Newswise — The most powerful explosions in the cosmos still hide a few secrets, despite decades of intensive study.

Scientists at UAHuntsville helped design (and will lead the ground team keeping track of) NASA's new GLAST Burst Monitor, an instrument scheduled to be rocketed into orbit next month to help astrophysicists learn more about the star crushing (or merging?) explosions that create gamma ray bursts.

"The UAH contingent is responsible for most of the software, as well as much of the calibration testing and system integration," said Dr. Bill Paciesas, a UAHuntsville physics research professor and the GRM ground system manager. "We will support the GBM Instrument Operations Center here in Cramer Hall, where we will do all the planning for operating the instrument. We will do the first stage data analysis, determining some of the parameters and putting the data in a form that can be studied by other scientists."

UAHuntsville teamed with NASA's Marshall Space Flight Center and the Max Planck Institute for Extraterrestrial Physics in Germany in proposing and developing the burst monitor, which is a secondary instrument on board NASA's Gamma-ray Large Area Space Telescope (GLAST).

Gamma ray bursts are flashes of the most powerful energy in the electromagnetic spectrum -- stronger than X-rays and at least 1,000 times as powerful as visible light.

Paciesas and the UAH team are veterans of the group that developed and operated the Burst and Transient Source Experiment (BATSE) that flew aboard the Compton Gamma Ray Observatory. When CGRO was launched little was known about gamma ray bursts, except that they were apparently caused by the most powerful explosions in the universe.

One of the unanswered questions for BATSE was whether the sources of these blasts of energy were "local" or out of the fringes of the universe. Surely, some suggested, waves of energy could not travel billions of light years and still be that ... energetic.

Well, yeah, they can.

"BATSE proved that (gamma ray burst sources) are some of the most distant objects we can see in the universe," Paciesas said. When other telescopes look at the sky where the bursts come from they see evidence of rapidly-dimming explosions or stars often billions of light years from Earth, meaning the events the orbiting detectors record happened billions of years ago when the universe was much younger.

While the BATSE data solved some mysteries, it found others.
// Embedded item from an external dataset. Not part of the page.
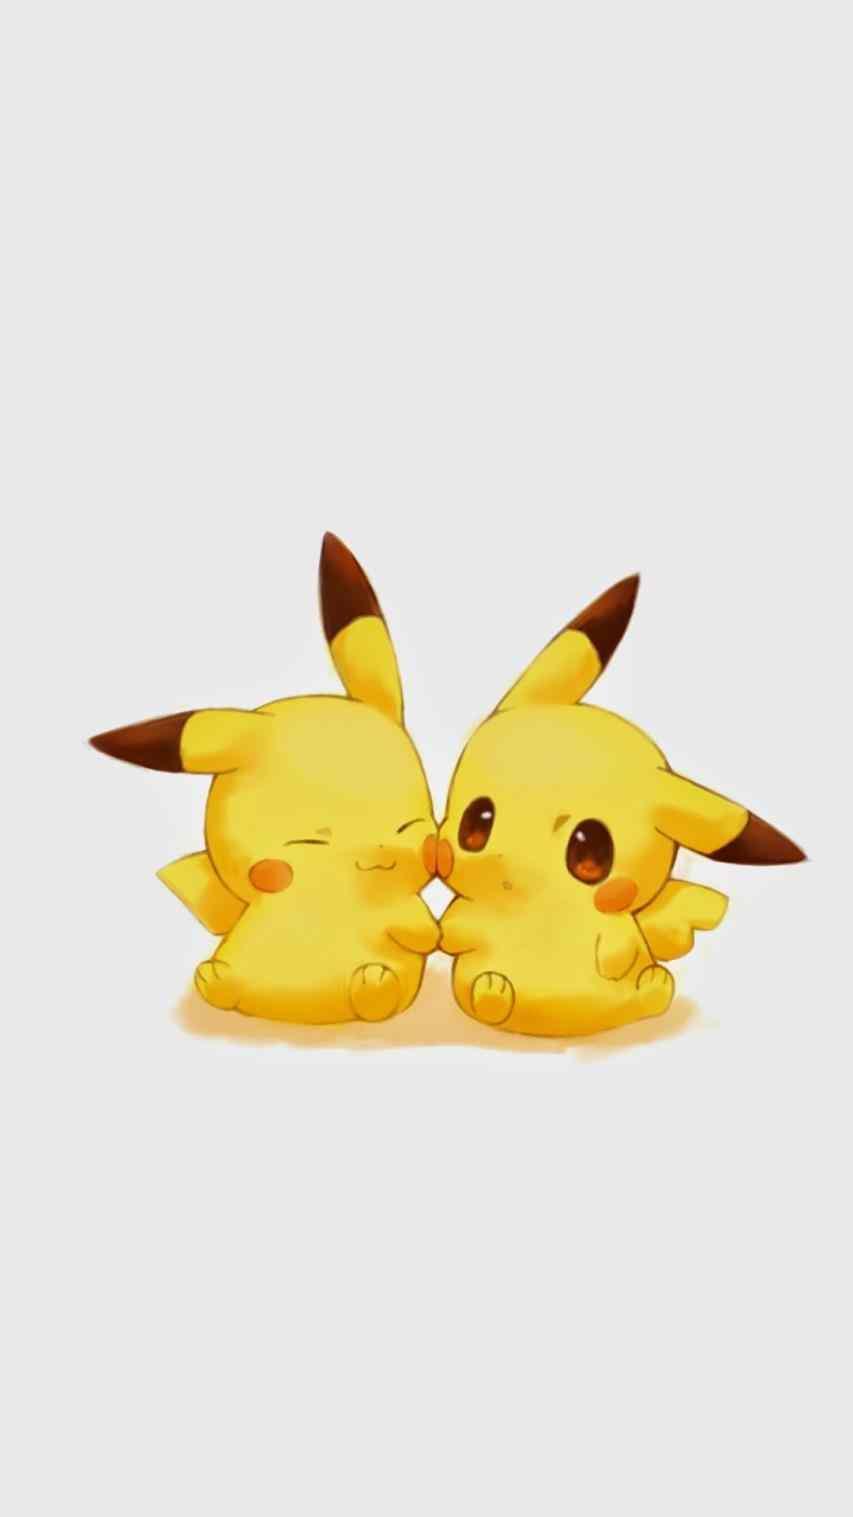 853x1517 Baby Pikachu Drawings Baby Pikachu Wallpapers Pc Baby Pikachu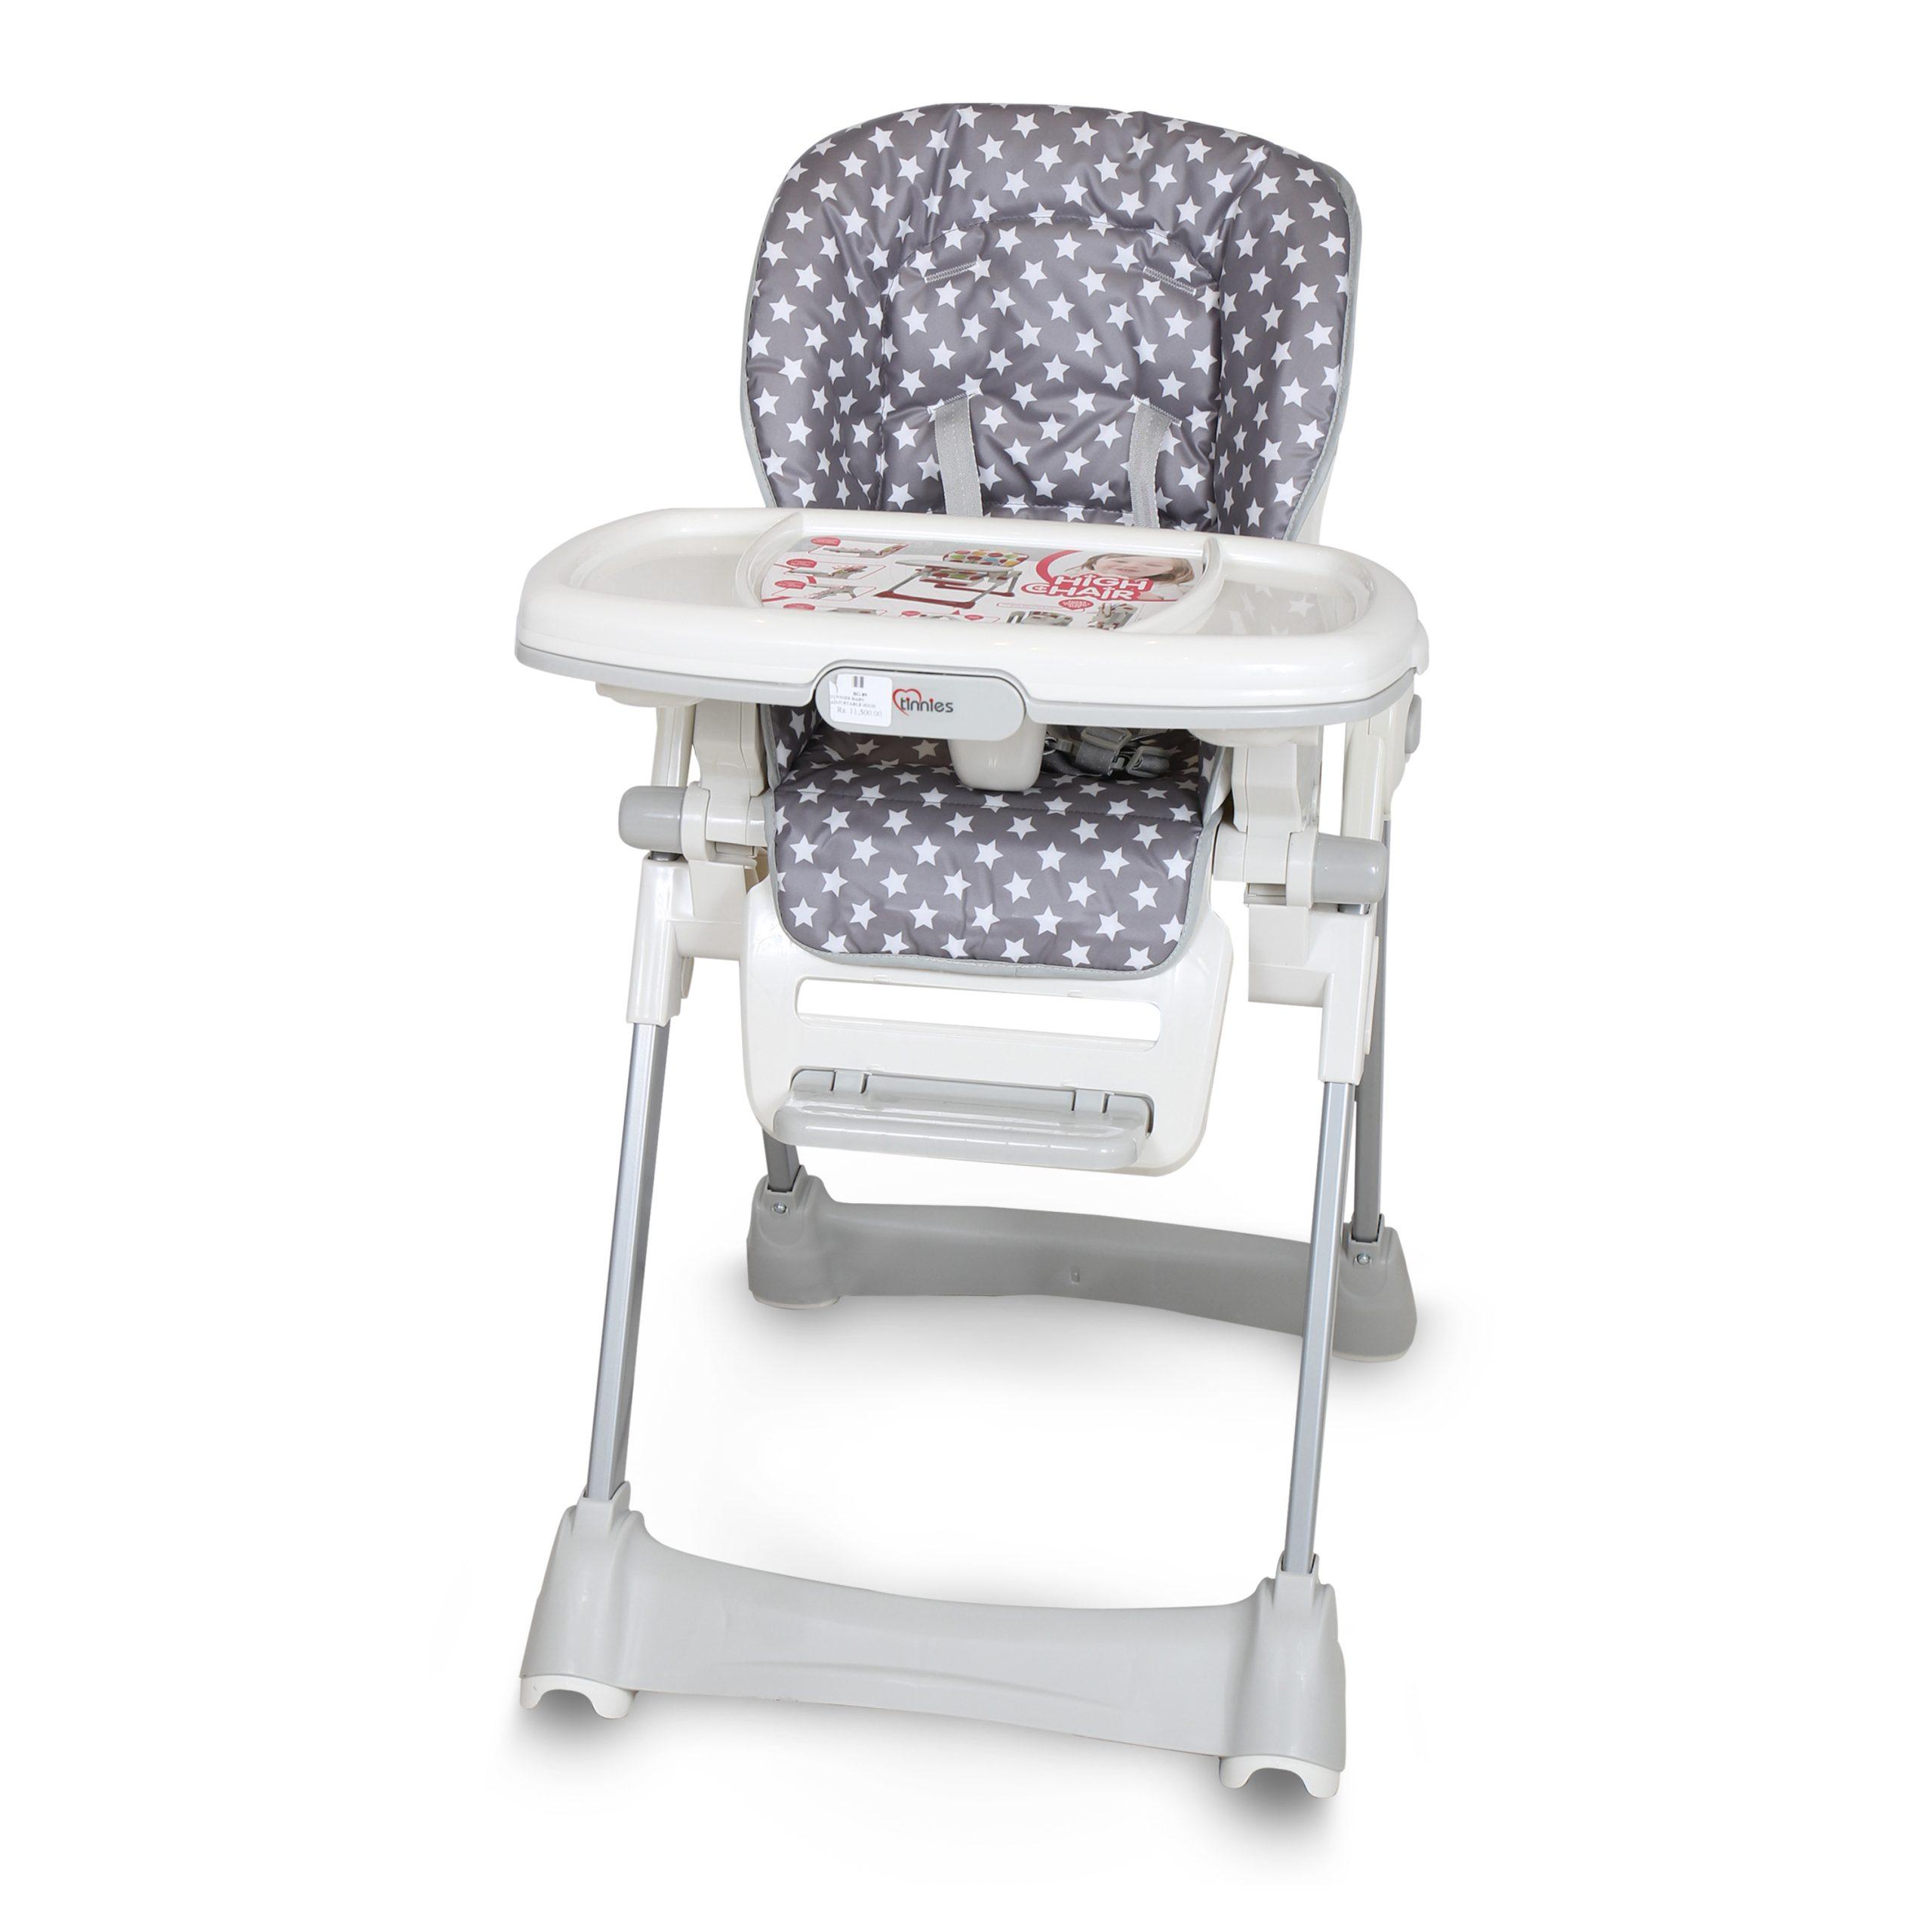 Tinnies Baby Adjustable High Chair (Grey) - (BG-89)

One of the most puzzling is the apparent two-faced nature of bursts. Some are short, more often about one second in duration, and less powerful, while others seem to cluster around the ten second length and are much more powerful.

"It has long been speculated that there is some fundamental difference between these two types burst," said Paciesas, who is also associate director of UAHuntsville's Center for Space Plasma and Aeronomic Research (CSPAR).

The study of gamma ray bursts is rife with superlatives: The most powerful. The highest energy. New theories about the longer and stronger bursts push the hyperbole to new heights. Not content with mere supernovae exploding stars, astrophysicists theorize, says Paciesas, that the longer, more powerful bursts might come from "hypernovae, the collapse of super massive stars."

At the same time, the shorter and less powerful bursts might come from something as relatively mundane and routine as the collision -- or merger -- of two neutron stars or a neutron star and a black hole.

One of the problems with these theories is that gamma rays, because they have such small wavelengths, are easily blocked. Earth's atmosphere stops most incoming gamma rays from reaching the ground, which is why gamma ray detectors have to be above the atmosphere. If gamma rays are so easily blocked, how do bursts of them escape from events as inherently messy as star collisions?

While the X-ray, ultraviolet and optical after glows of these events can often be tracked for weeks as they fade away, "there are many things we don't understand about the mechanism that produces these early gamma rays," Paciesas said.

A new theory says the gamma rays escape from a column of energy at a collapsing megastar's axes, similar to the energy jets seen on quasars. If that model turns out to be accurate, it would mean there are many, many more gamma ray bursts in the universe than we are counting, said Paciesas, "because we only detect the jets that are pointing in our direction."

The other members of UAH's GBM team are Dr. Robert Preece, an assistant research professor in physics, Dr. Valerie Connaughton, a CSPAR research scientist, Dr. Michael Briggs, a research scientist in physics, and Dr. Narayana Bhat, a CSPAR senior research associate.

GLAST is scheduled for launch no earlier than June 3 atop a Delta II Heavy launch vehicle built in Decatur, Ala.